United StatesUnited States Bach, The Goldberg Variations: Simone Dinnerstein (piano), Pam Tanowitz (choreography), Alexander Kasser Theater, Montclair State University, Montclair, New Jersey, 22.10.2017. (KG)

J.S. Bach – The Goldberg Variations

At this point in history, some 375 years after Bach’s Goldberg Variations, few scholars hold on to the notion that the composition was written at the behest of an insomniac count who wanted something to lull him to sleep. Nevertheless, it makes for such a good story that some still cling to it. In 2015 at Manhattan’s Park Avenue Armory, in a softly lit environment designed by Marina Abramovic, pianist Igor Levit played the variations to an audience invited to have a half-hour nap beforehand.

On the other hand, Brooklyn-born pianist Simone Dinnerstein’s staging, created with choreographer Pam Tanowitz and entitled New Work for Goldberg Variations, suggested anything but slumber. With stage lighting changing through the course of the 90 minutes (presented without interval) and seven dancers circling the piano in Tanowitz’s bustling choreography, Bach’s masterpiece turned into what felt like more of a full day’s activity than a full night’s sleep.

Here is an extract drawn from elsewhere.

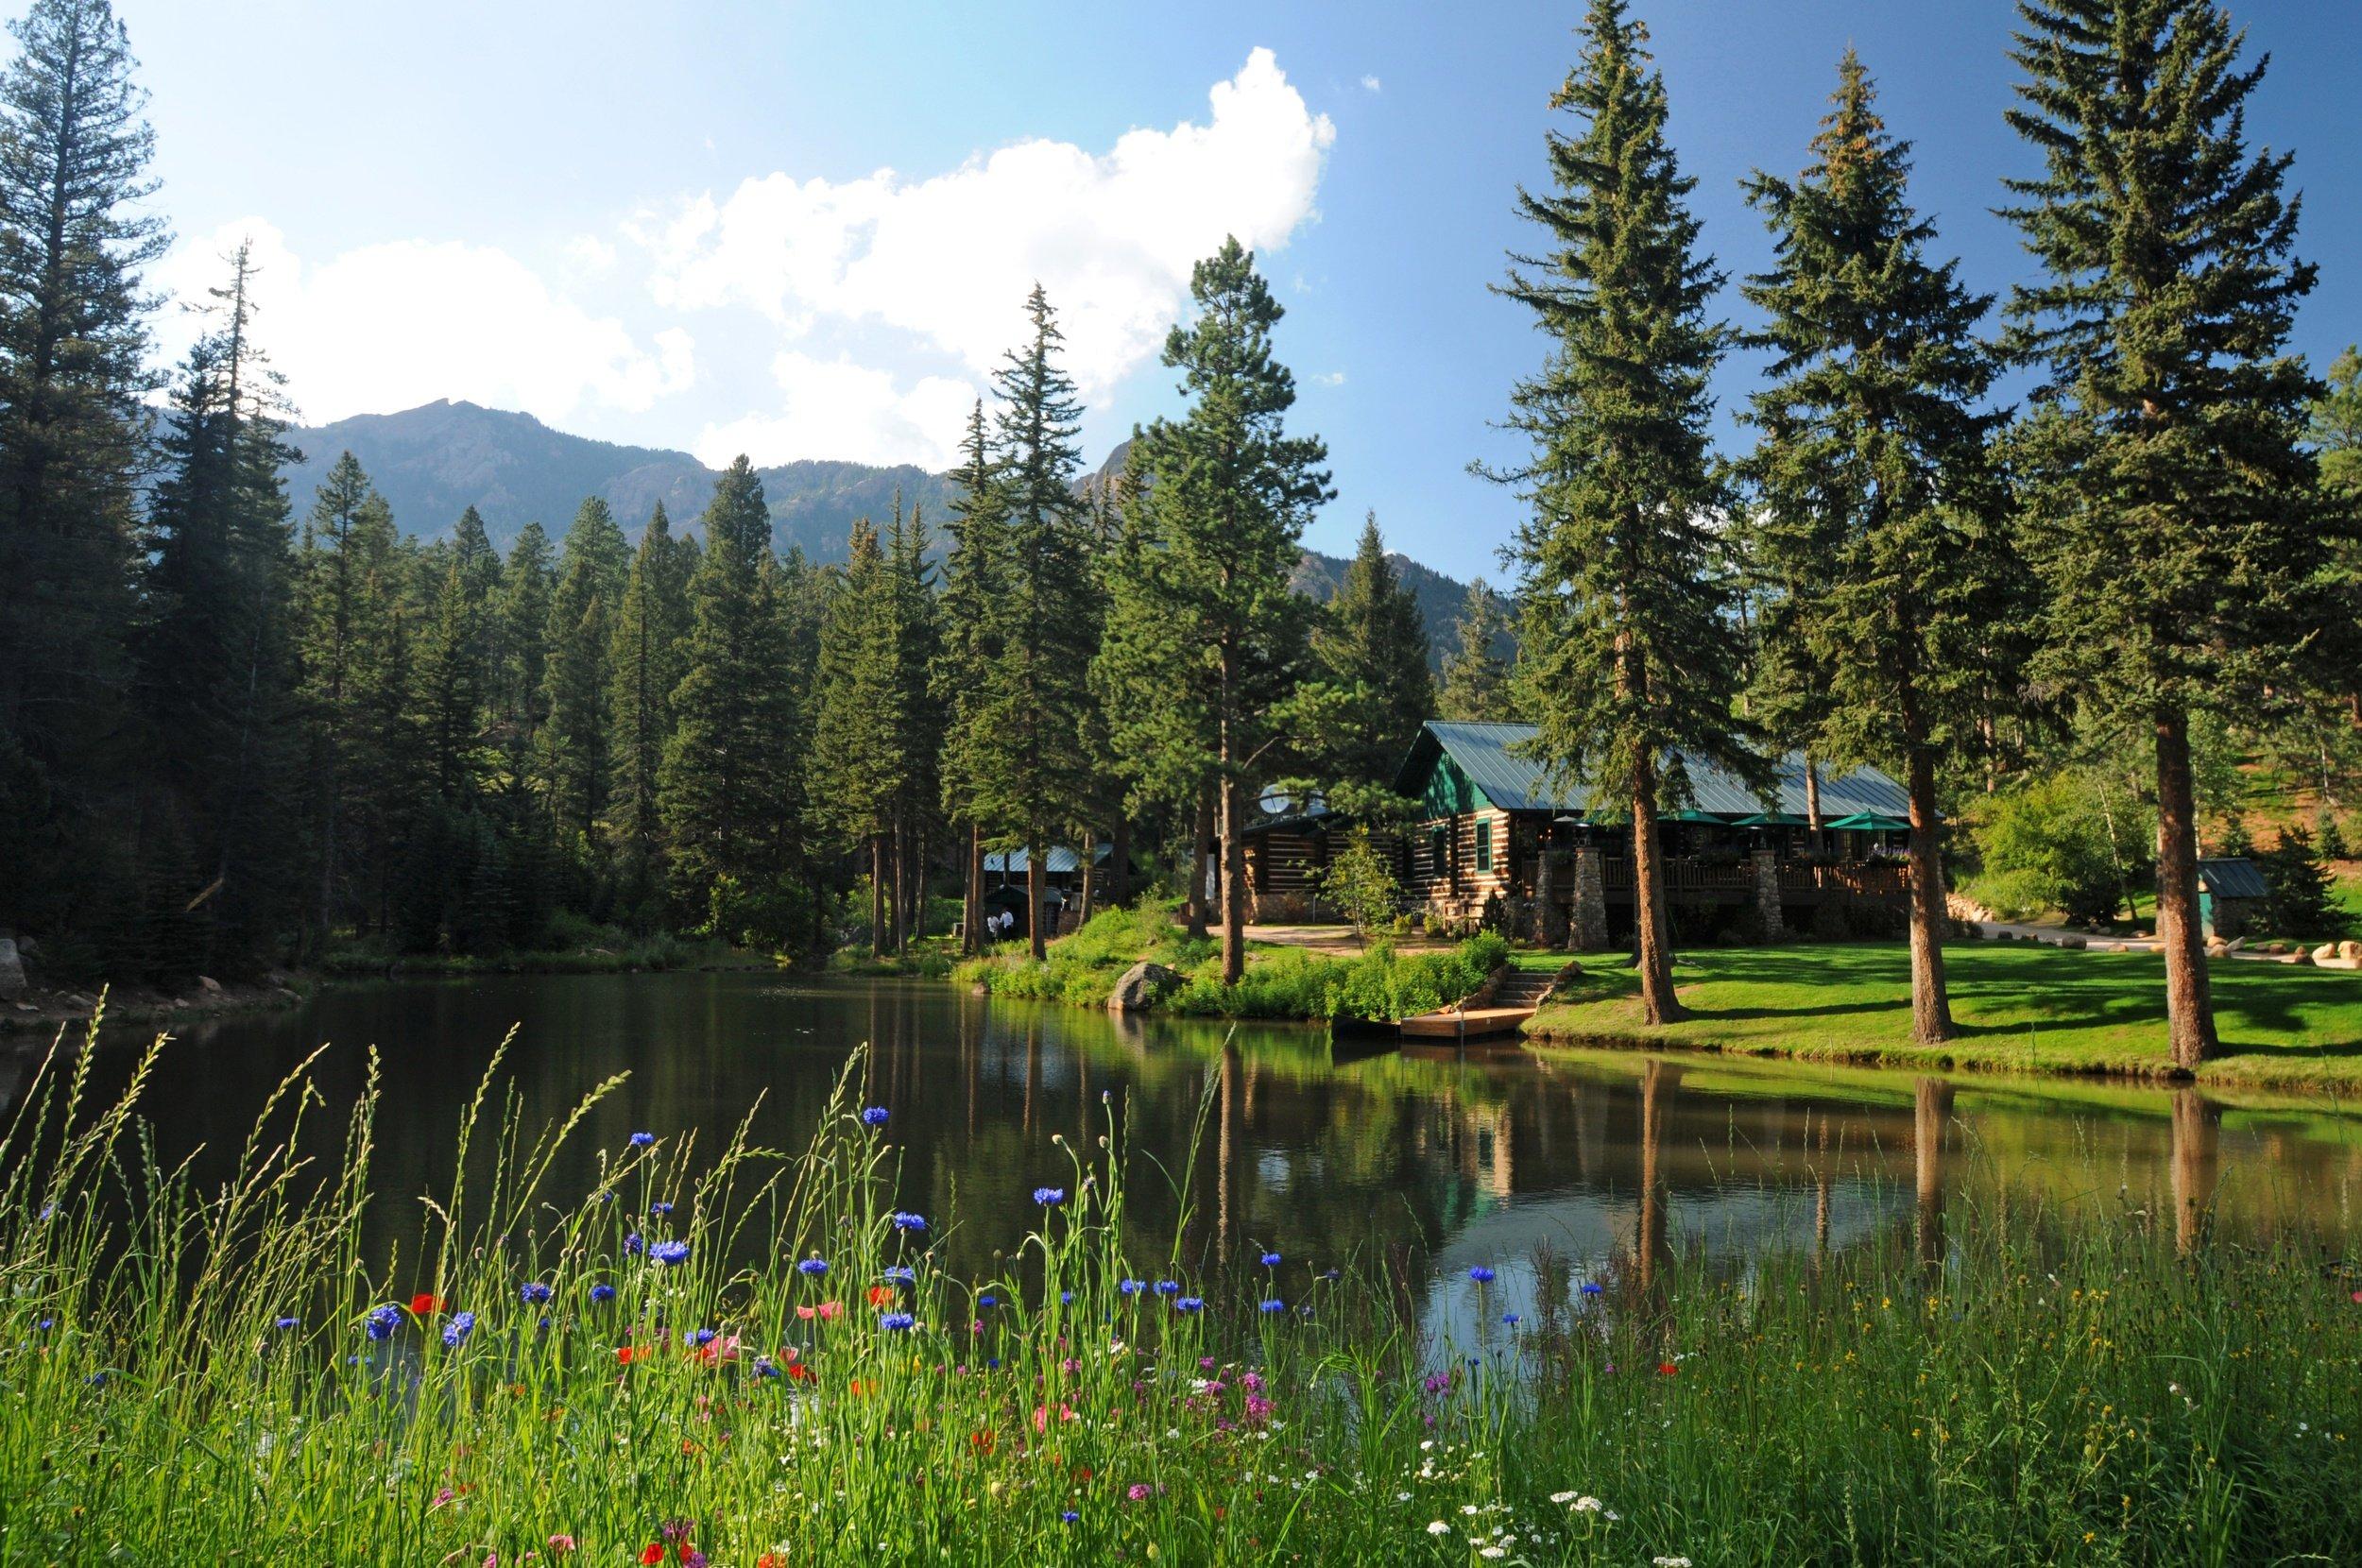 Glamping at Broadmoor Ranch at Emerald Valley

Seen here at Montclair State University, and part of MSU’s Peak Performances series (this year dedicated to works by women), the collaboration received its premiere at Duke University earlier in October, and later toured to Boston, Pennsylvania, and Florida.

The evening began in darkness: As Dinnerstein played the opening aria, a single spotlight gradually focused the eye in the dimness. The dancers—dressed in multi-tone pastel tunics, as opposed to the pianist’s concert black—seemed to materialize out of the air as they stepped into the soft light. They stood motionless for a few seconds before taking unison steps away from the piano and off the stage again. They returned and left again, in duo and trio (there were seven in all), stepping purposefully to Bach’s metered phrases.

A few variations in, the lights brightened, and Dinnerstein increased the tempo, hurrying the dancers in the process. It was tempting to think one had lapsed into a dream state but no, rather than a linear concept, the pianist offered pacing, structure, and phraseology, accompanied by the dull thuds of shoeless feet meshing with Bach’s melodies.

Dinnerstein’s playing was nothing short of spectacular. She first came to acclaim in 2007 with a recording of the Goldbergs (after playing them for six years) and the music certainly hasn’t faded from her memory. If it seems superfluous for another pianist to record a centuries-old masterpiece, hearing either her recording (on Naxos) or live in 2017 makes one realize that old works can still be owned anew.

At Montclair State, she played through many of the sections with barely a pause. Yet she was unhurried, giving each variation its own space to occupy—caring for each one while it was present, and then embracing the next. Though she played them as a set, each variation received its own singularity.

The dancers promenaded around her in various formations, or busied themselves behind and beside her. Around midpoint, they broke into two groups and formed archways out of arms and torsos, as if to mimic Bach’s great architecture, meant to pay homage to the glory of God’s creation. But then they quickly pulled apart, because of course, no human can make such a tower. After all, isn’t that part of the point of Bach’s music.

With all the lights and commotion, it would have been impossible for anyone to go to sleep. Certainly back in the day, Count Kaiserling, who commissioned the variations, would have found the dancers disquieting. But would he have been sitting up in his bed, bouncing along with a smile across his face? What is it to have something to look at? Is it a distraction? Or does it help to focus the ear to have the eye occupied? The final iteration of the theme came under a pale yellow light with all the dancers onstage, and busied the mind in ways unlike Bach usually does, like gazing at a sunset after a busy day.